Category: Pick-ups 
Price Range: No data available
Hard-working, huge load bed, spacious cabin, scads of equipment, plenty of power, good value.
Too vast for some, awful turning circle, not as tight to drive as rivals.
Best for space, power, presence and equipment, but the Mitsubishi L200 is more wieldy and better to drive.

On one hand the Nissan Navara is a traditional pick-up with a one-tonne payload and crude truck underpinnings, but on the other it it's a serious SUV rival.
In the current pick-up boom, the Navara has overtaken the formerly dominant Mitsubishi L200 thanks to its Detroit-inspired looks (it's actually based on Nissan's full-size US truck, the Titan), superlative equipment levels and generous space.

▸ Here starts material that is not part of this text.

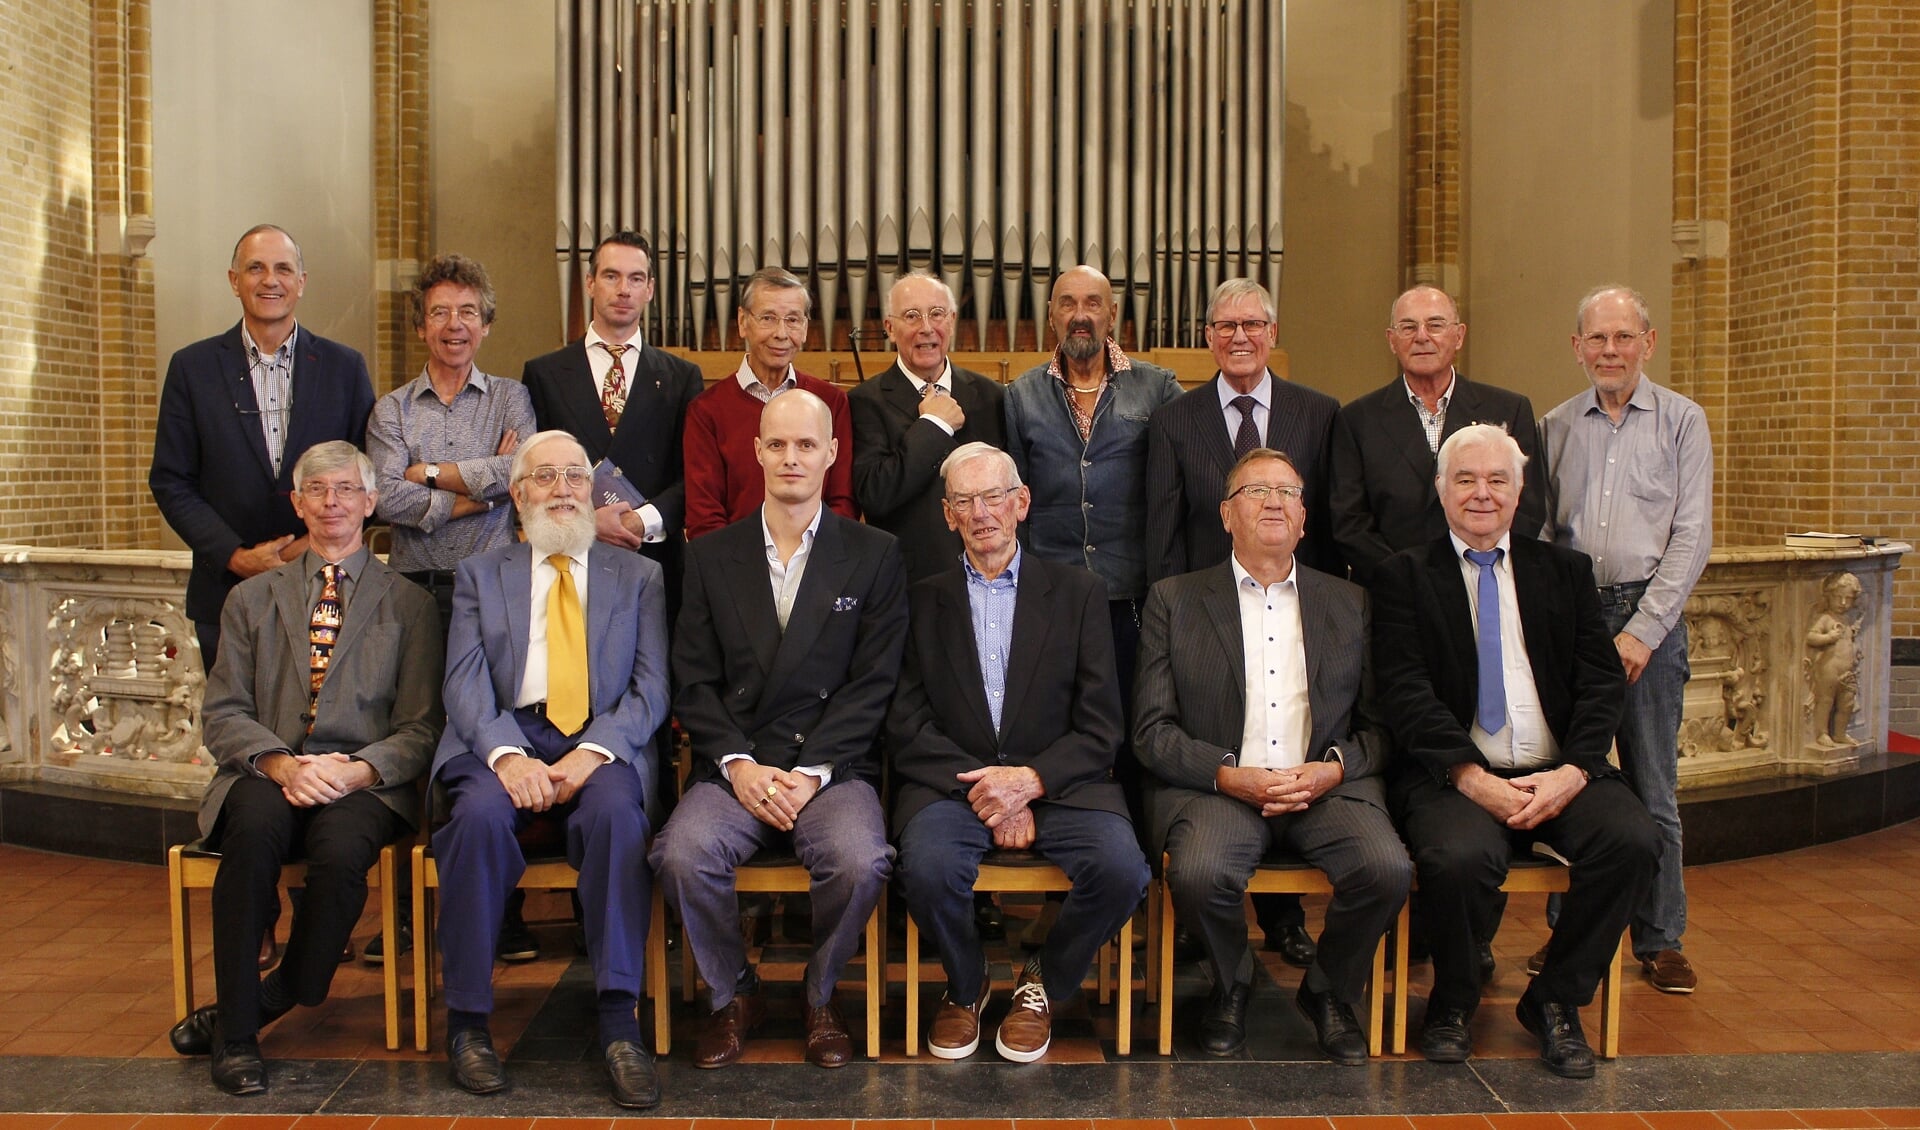 Het bijna complete koor, aangevuld met enkele enthousiaste zangers, waaronder diverse oud-leden.

Nine out of 10 Navaras sold are double cabs and of them half are the top-spec Aventura. Laden with standard leather, sat nav, Bluetooth hands-free phone connection, automatic lights, rain-sensing windscreen wipers and cruise control, this is one commercial that demands not to be typecast as such.
Powered by the same 2.5-litre common-rail diesel as sits in the closely related Pathfinder SUV, the Navara was launched in August 2005 but is still subject to waiting lists at the dealers.
New changes for the 2007 model year include Euro4 tweaks to the diesel that actually cut power from 172bhp to 169bhp, meaning it now has to share the title of most powerful pick-up with the Toyota Hilux 3.0.